Again, weird laughing from next door.

"Son," I said, putting down both my knife and my fork as a way to signal a very important moment of advice. "Just because--"

"He's outside again." Iz, who hadn't yet picked up her own knife and fork, nodded to the front door of our living room, which was connected to the dining room. In fact, the dining room and the living room were the same room--with some creative furniture placement, we'd always made it seem like the one room was, in fact, two separate set spaces.

I followed Iz's gaze to the door. There were bright lights suddenly pouring in through the curtains of our front door window. And we heard a voice: "Yeah, this is where I used to live. Right here. It's where I grew up, and where I learned the importance of survival."

Lewis looked at me. "Dad, can he just--"

"Hush, son. Eat your... what is this?"

"Dried meatloaf," Iz replied. "You were eating it just a few minutes ago without questioning it." Again, the neighbors laughed and hooted a bit.

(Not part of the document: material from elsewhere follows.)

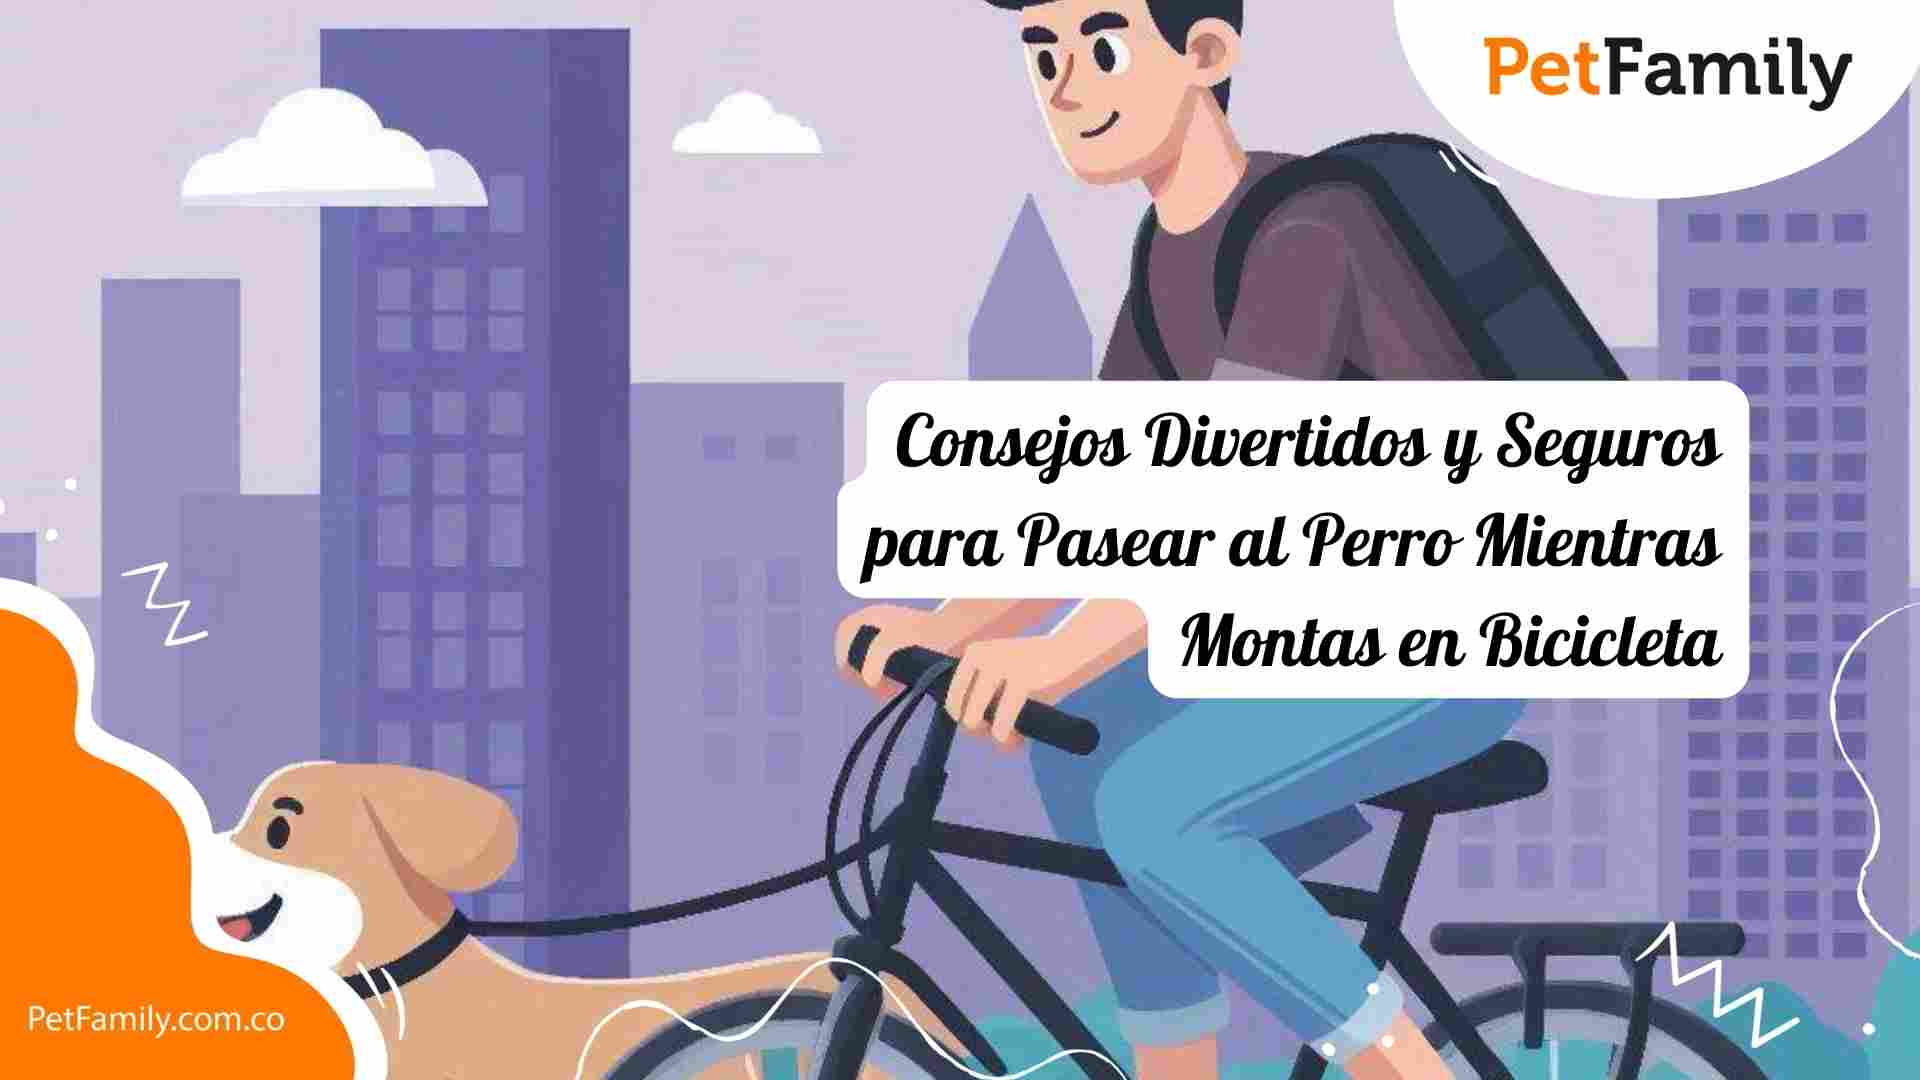 Pasear al Perro Mientras Montas en Bicicleta: Consejos Divertidos y Seguros para Lograrlo

"Dried meatloaf. I mean, good meatloaf. Son, just eat what's on your plate and ignore--"

"When I lived here," we heard the asshole on our porch say as the lights shifted, "we were so poor I'd never think I'd be so rich now."

"Goddammit." Yes, I cursed. And I apologized. "Sorry, kids."

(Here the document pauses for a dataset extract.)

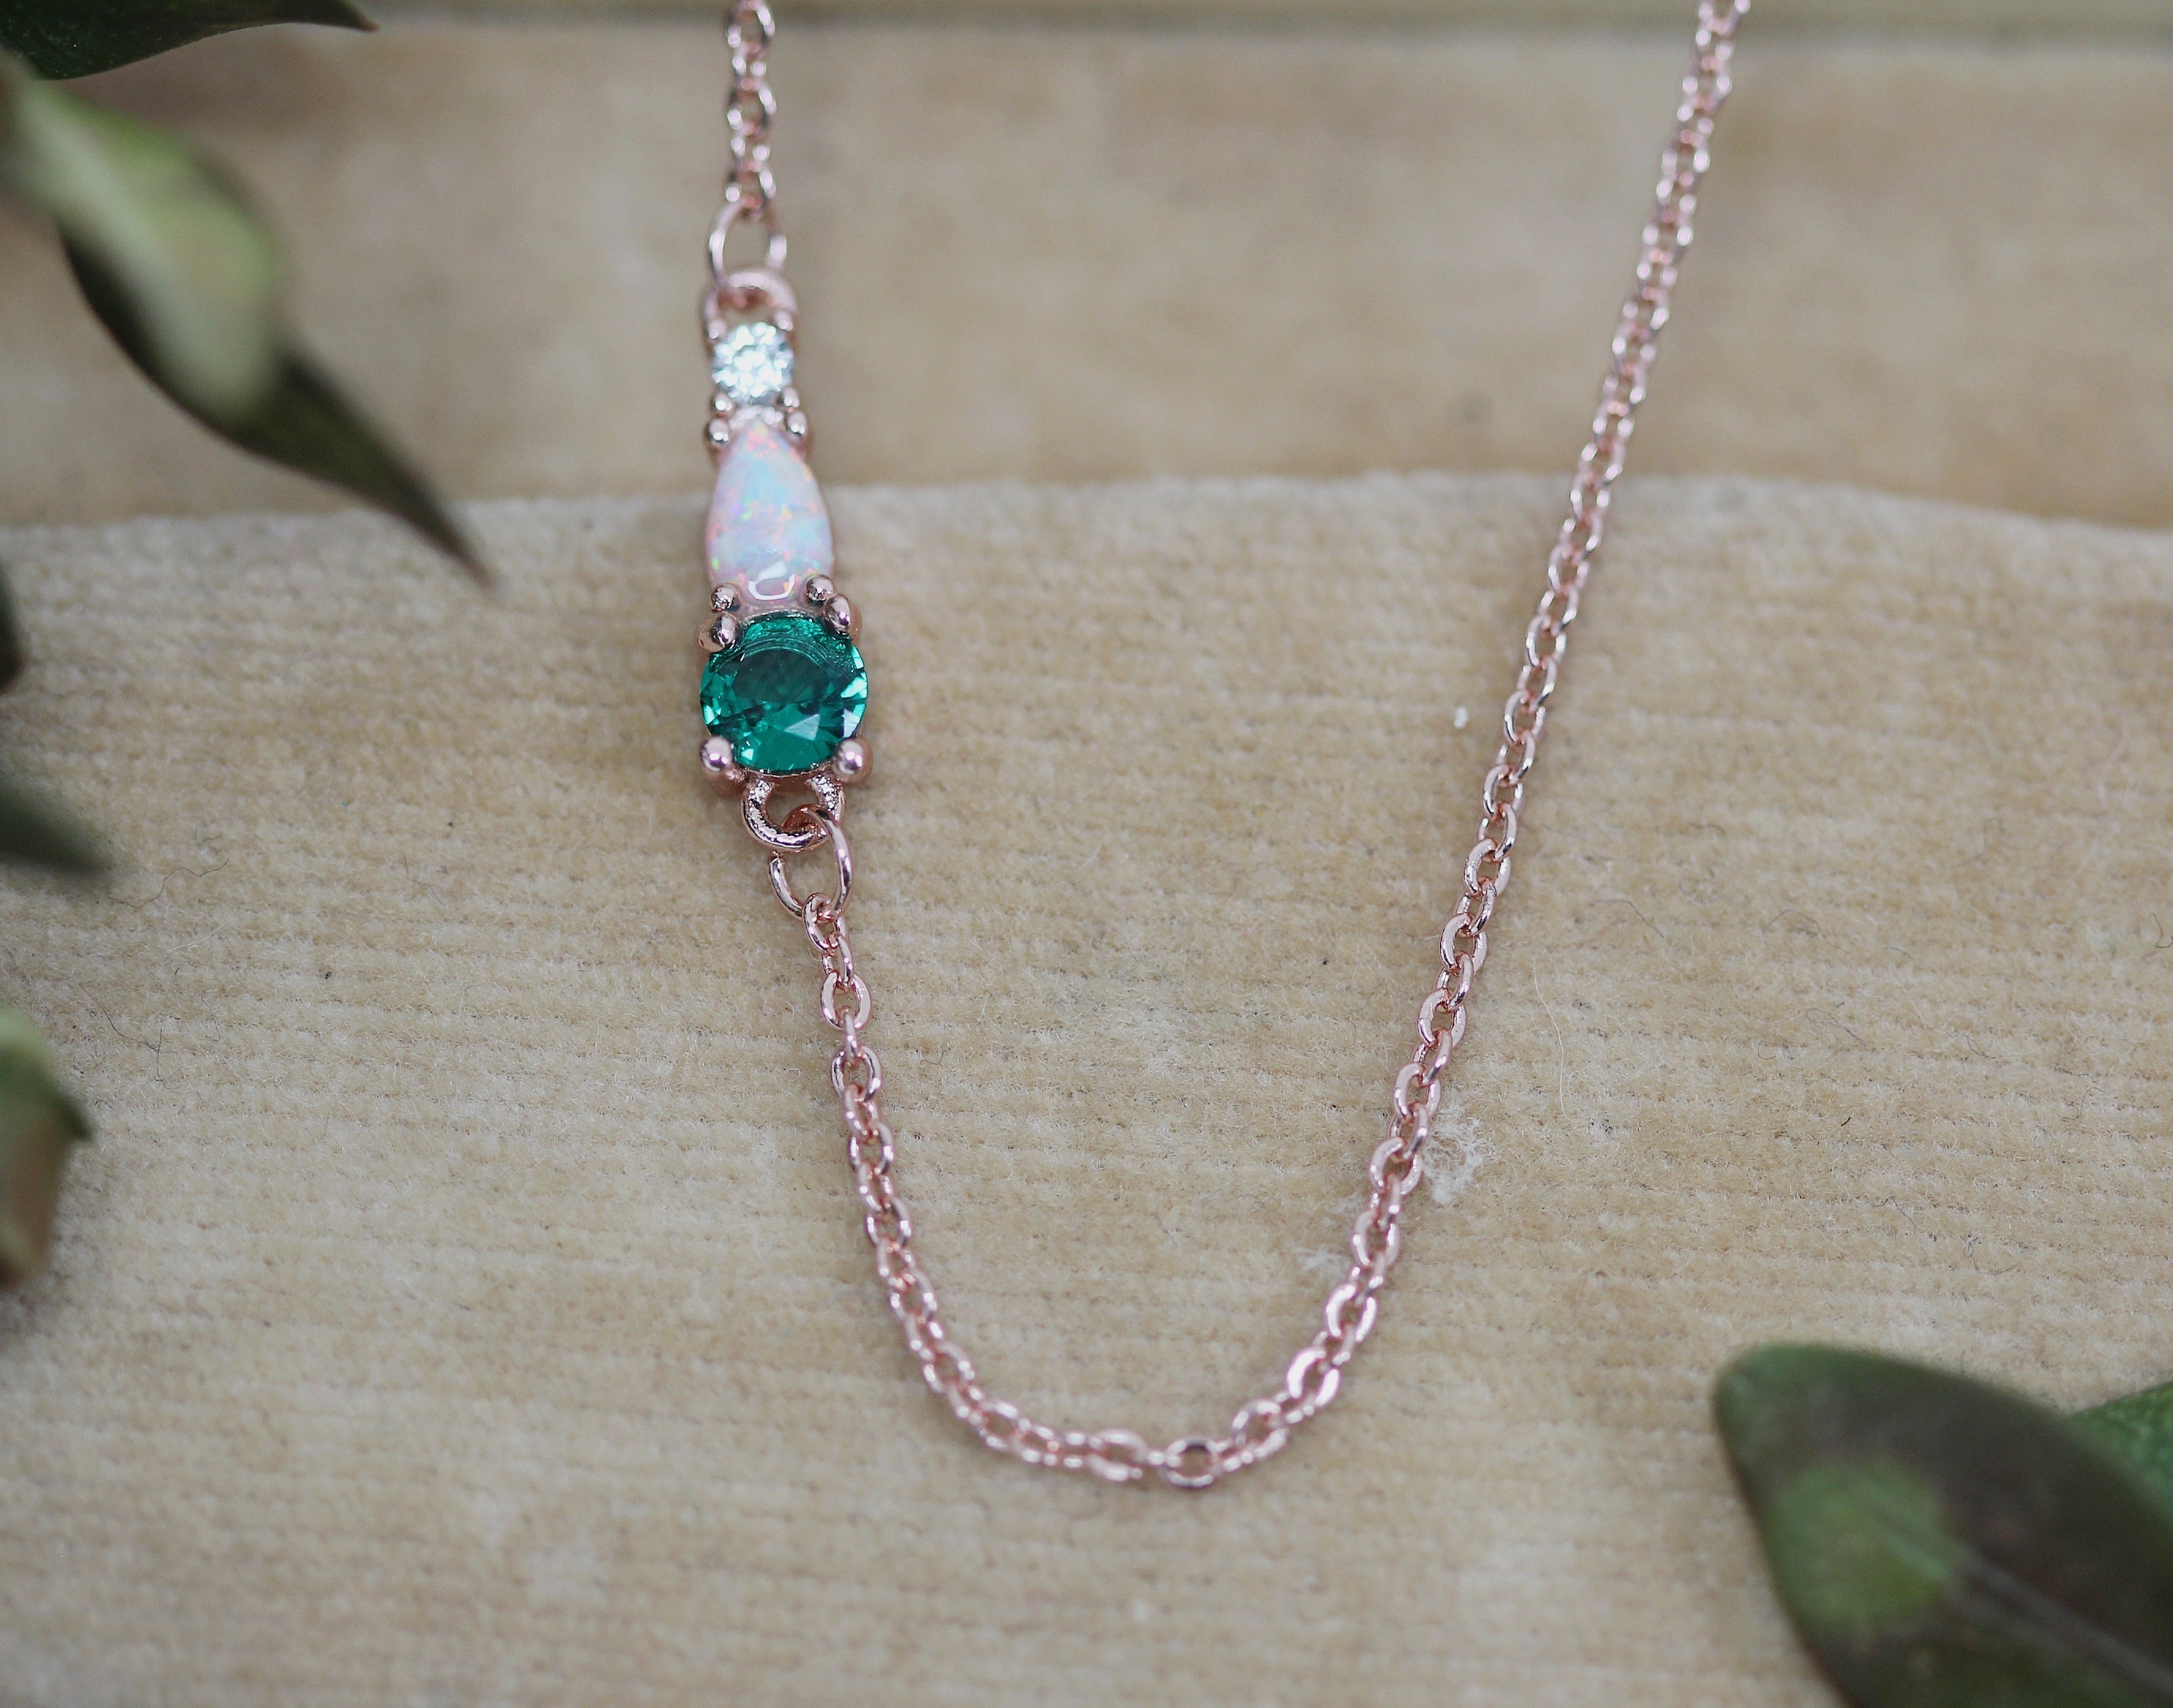 Green Opal Dreams Crystals Necklace

May gasped. Iz shot a look at me that should've been from a grassy knoll. Lewis assumed he was now off the hook and muttered, "Goddamn is right" under his breath. The neighbors laughed even harder than before, and there was a smattering of applause.

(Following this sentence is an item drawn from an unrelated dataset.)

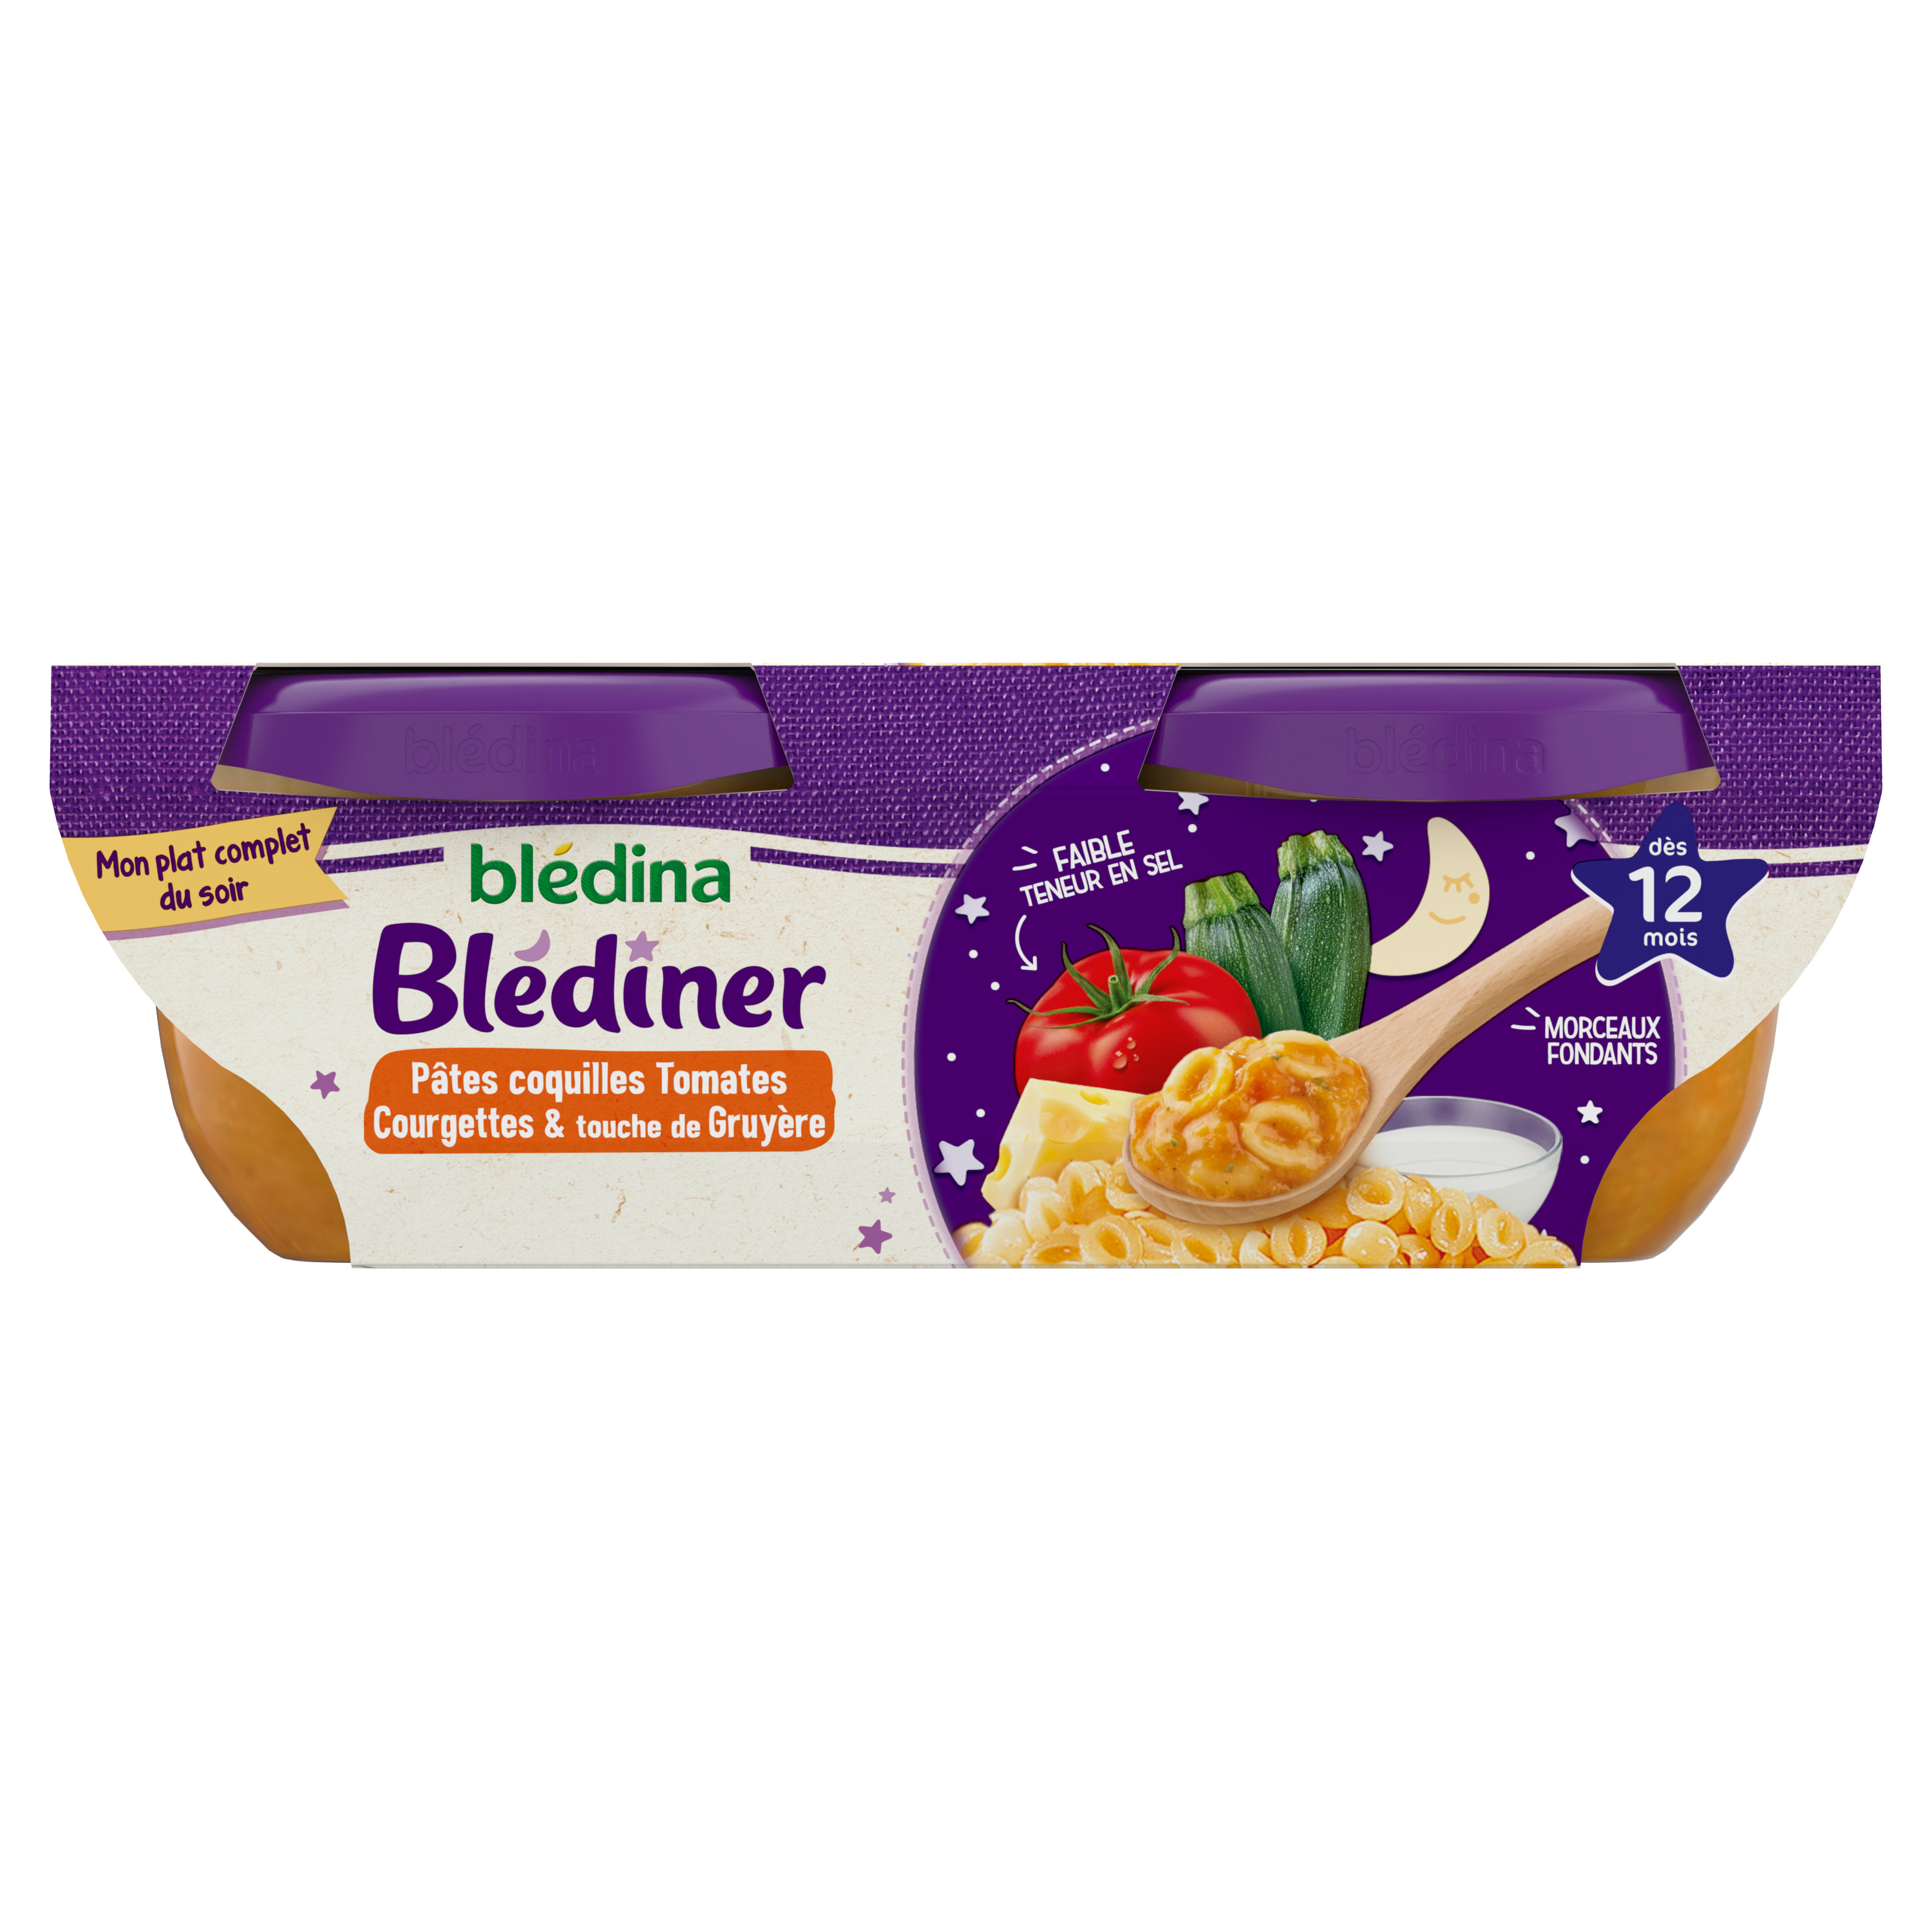 BLEDINA Blédidej céréales lactées biscuité vanille dès 12 mois 4x250ml pas  cher

"Go on," Iz said, her eyes stuck to me. "Finish that sentence."

"Alright. Goddammit, I will. Goddammit, every time we sit down to eat, this asshole has another news crew following him up to our porch, where he talks about how poor he was when he lived here, and how he overcame his poverty, and do they honestly, every time, need to get footage of him standing on our goddamn porch talking about how awful it was for him to live in what is now our goddamn house?"

The neighbors--annoyingly--reacted to whatever was on their TV set with a loud 'Oooooooo' sound.

"I mean, every goddamn time there's a documentary about assholes, there's one scene where they go back to 'where it all began.' And it is always our goddamn home. Here we are, trying to have a nice life of dried meatloaf and working-class situations, and then this asshole is showing up on our porch to tell a film crew just how awful and hard-scrabble it was to live here."

Iz shifted her eyes. When she shifts her eyes, I always get it. It's a signal, always, and her shifting struck me in a way no outside light or laughs ever could.

"You can see how the neighborhood is now, but imagine how much worse it was when I was here," the asshole on our porch said. His voice, like the kleigs, and the neighbors' laughter, cut into our dinner. "It is my hope to inform people of just how awful it is to be in these homes."

I met Iz's eyes. Nodded, which is my own signal. "It's not dry meatloaf, son. And it doesn't matter what's dangling off what. You don't cheat."

The neighbors burst into applause. I assumed some resolution had been made on the show they were watching, but the asshole on the porch continued talking, as always, for another 30 minutes.

"We're a two-parter!" May shouted, clapping.